Никто не проронил ни слова, когда маленькая и большая синявки скрылись. За дверью раздалась какая-то грызня: пеночка осмелилась встрепенуться на ворону, а та кое-как сдержалась, чтобы не тюкнуть ее прямо в темя.
В тишине, как зарницы в тяжелом небе, вспыхивали неловкие покашливания и шепотки, а Лизон была спазматической молнией, сулящей небу муки в предгрозовых схватках.
К своему месту она прошла, стойко держась, но с каким ужасом наблюдали за ней однокашницы: никогда ранее они не видели, чтобы Лиза, выросшая в пахоте и зное, поджимала плечи, а не раскидывала их.
Глаза ее были красны от ядовитых слез. Отвисшая губа дергалась, наскакивая на нижние зубы.
– Стало быть, Маргарита Фрозьевна не самая изощренная в наказаниях, – язвительно отрапортовала Дарья Саврухина, разгильдяйка, всегда сидящая позади других, возле окна.
Демьян Григорьевич покашлял в кулак и пригладил свои усы, которые были будто бы полыми, как шапки козлобородника. Тут Лиза вздохнула, улыбнулась ему страшнейшей из миролюбивейших улыбок и проворковала надломленным голосом:
– Могу я выйти?
– Конечно, – примирился он, дабы не упустить еще больше урочного времени.
– Спасибо, – на окоченелых ногах прошествовала она к двери.
На миг остановилась, прислушавшись к шороху, но никто так и не осмелился вслух прочесть ее клеймо. Затем вышла, не удержавшись от хлопка дверью.
От силы бушующей обиды накренился портрет Леонтия Магницкого.

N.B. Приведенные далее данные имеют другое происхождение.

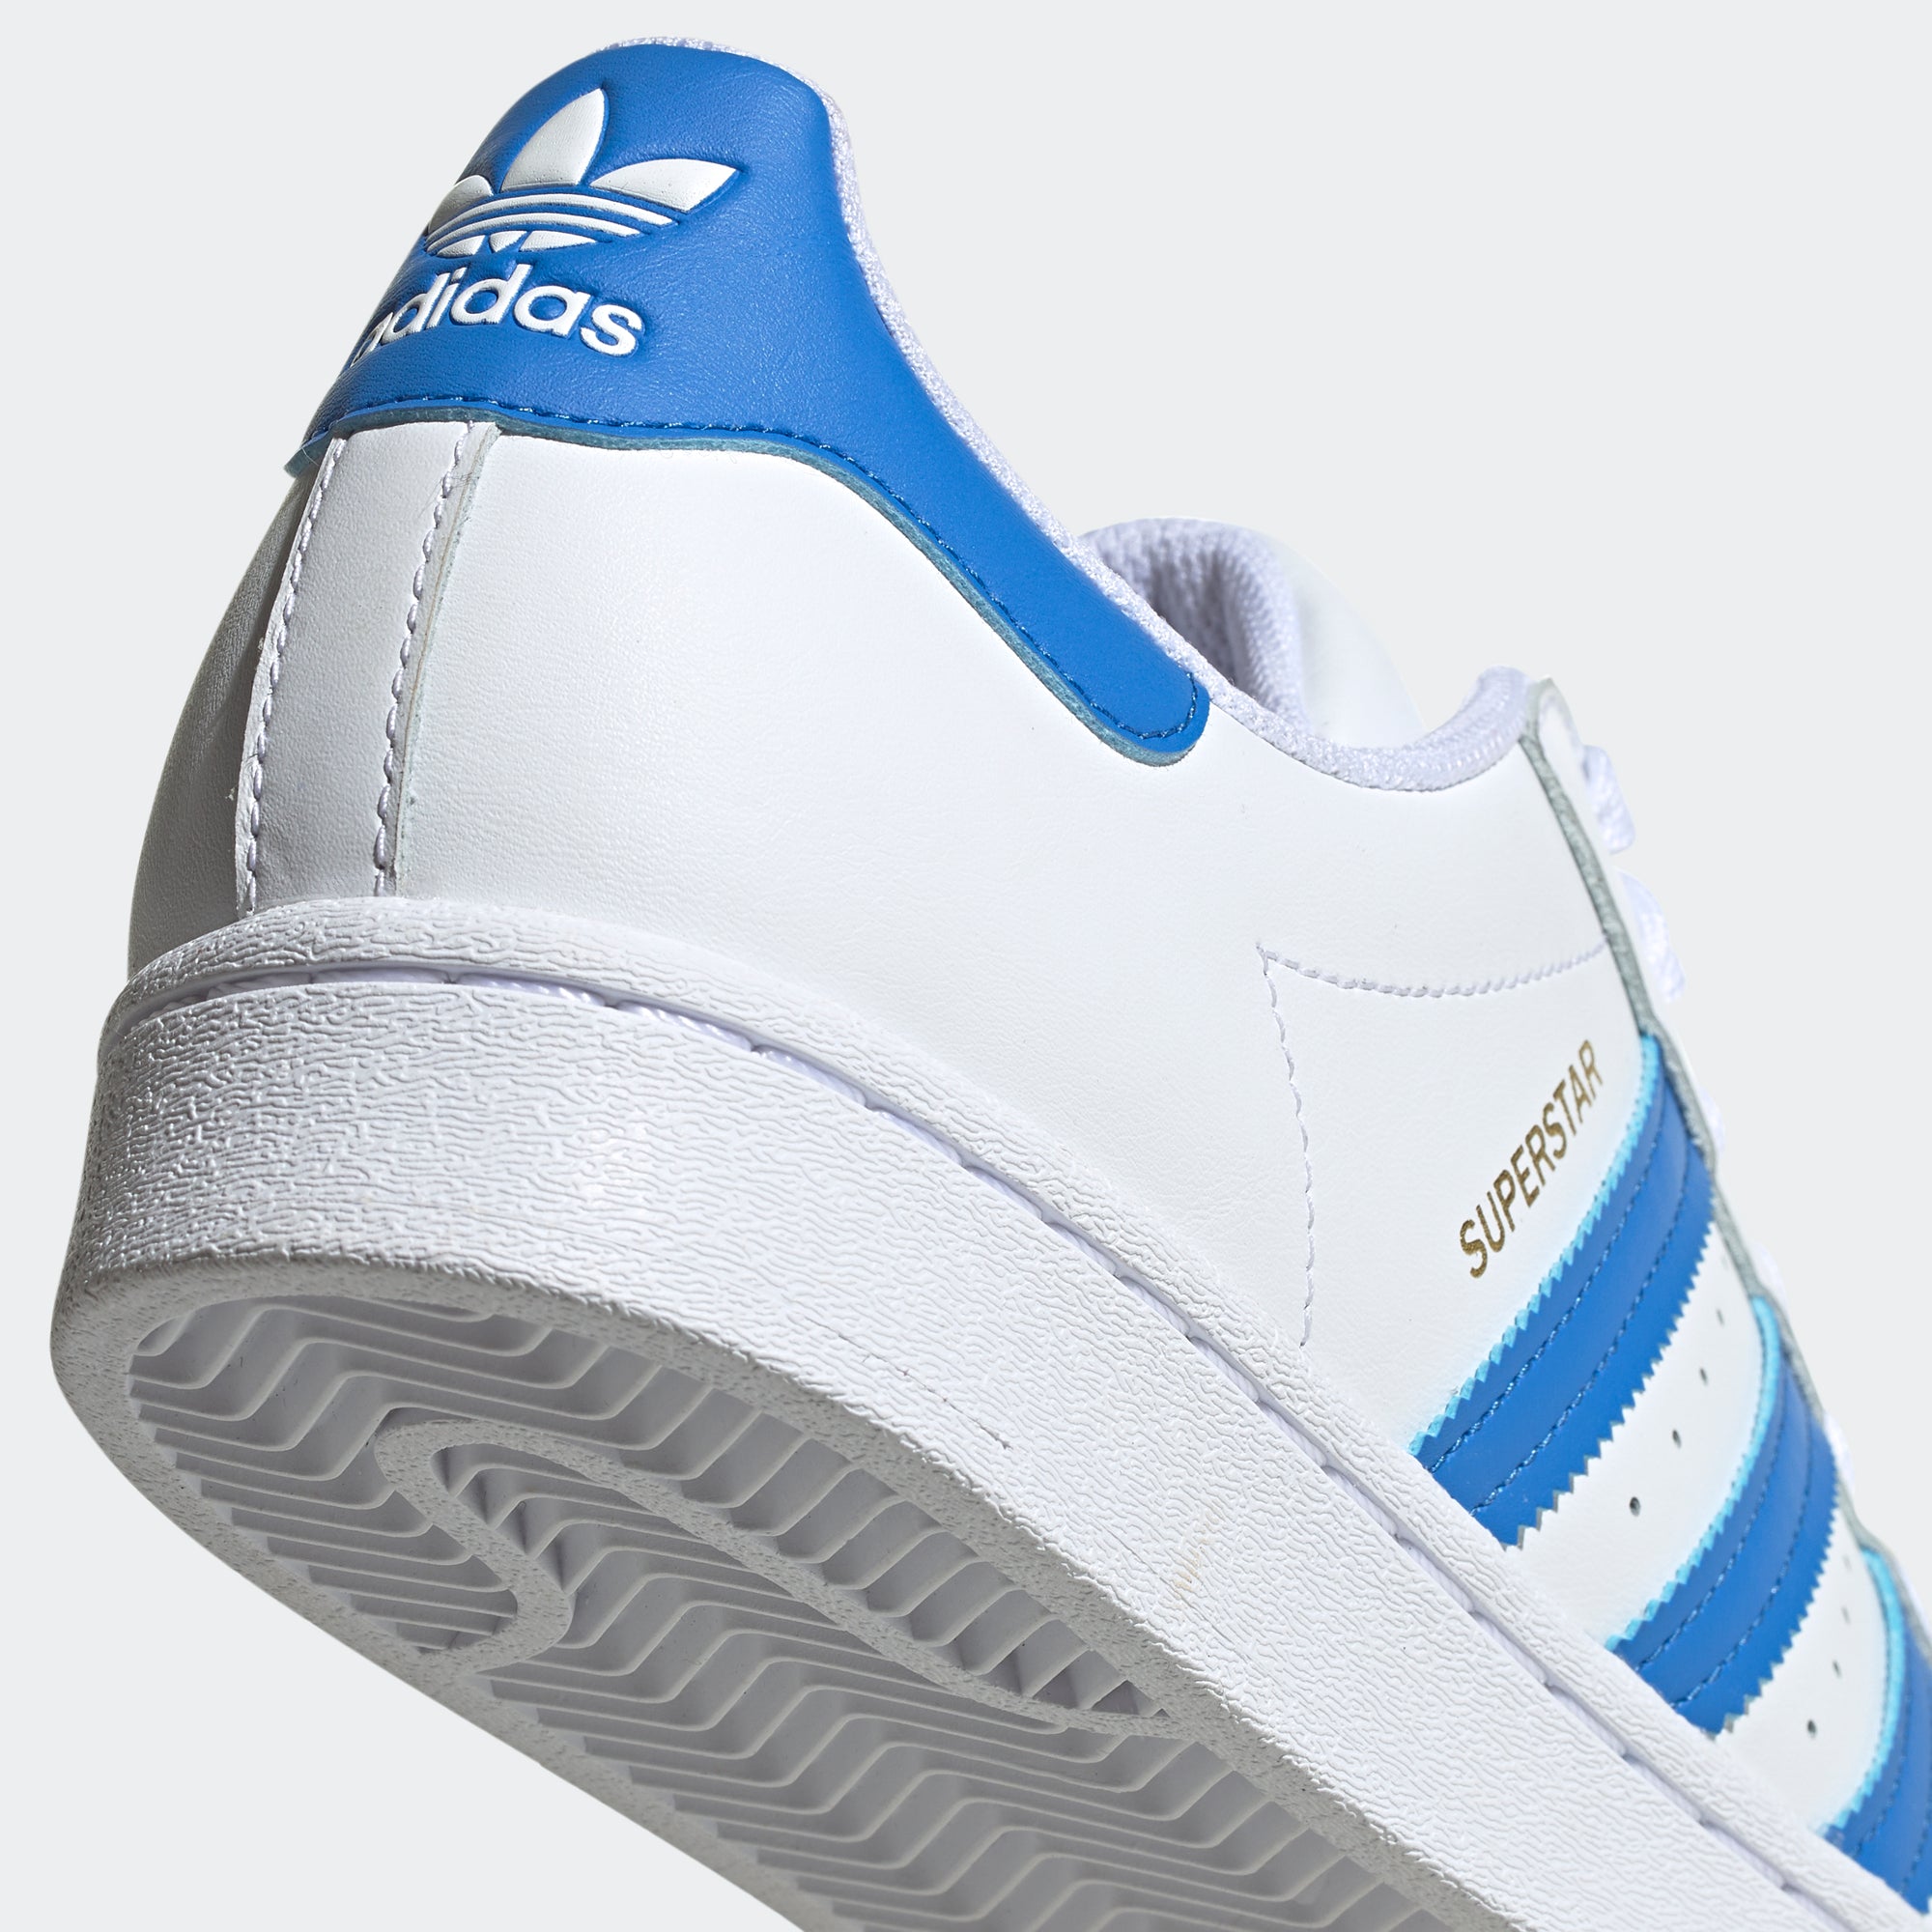 Vernietigen komen Ronde adidas Superstar Shoes White Blue H68093 | Chicago City Sports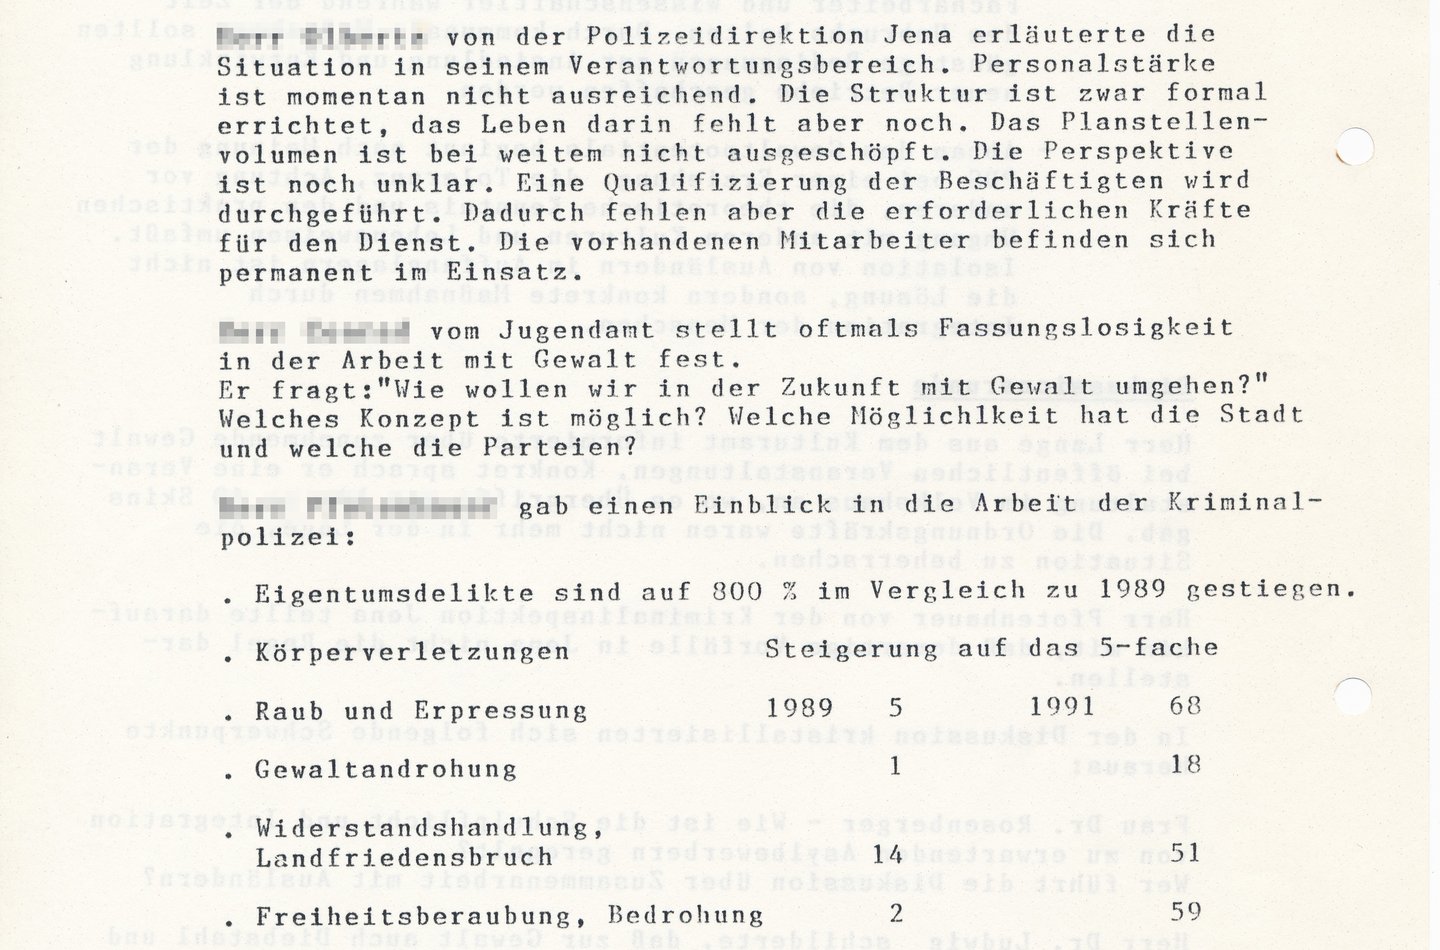 Auszug aus dem Protokoll der Sicherheitskonferenz vom 22. Oktober 1991, S. 4, ThürAZ, Sammlung Thomas Grund, Sg.: P-GT-K-14.11

Впечатлительной Розалии показалось, что он вот-вот слетит с гвоздя, вбитого над доской, но Магницкий удержался.
Поправив его с горестным вздохом старца, добродушно укоряющего заблудших детей, Демьян продолжил вести урок.
– Лизон!
Вихрь в теле девушки рассмеялся и резко обернулся, крутанувшись на каблучках. Веснушки были похожи на рой саранчи, затянутый воронкой воздуха.
– Ага? А чего не Елизавета? Или Убийца? – распаленно спрашивала она у прозрачной Маргариты Фрозьевны. – Надеюсь, вы довольны.
– Я была обязана рассказать о вашей перепалке руководству. Что бы мы делали, если бы одна из вас покалечилась? – Маргарита держалась с невозмутимостью, доступной только страннику, прошедшему через много бурь. – Это моя обязанность…
– Стучать вешалке за плевое дело?! – Лиза развела руками и встряхнула плечи в сдерживаемом, нутряном хохоте, который и ее бередил, и на других лаял. – Да бросьте!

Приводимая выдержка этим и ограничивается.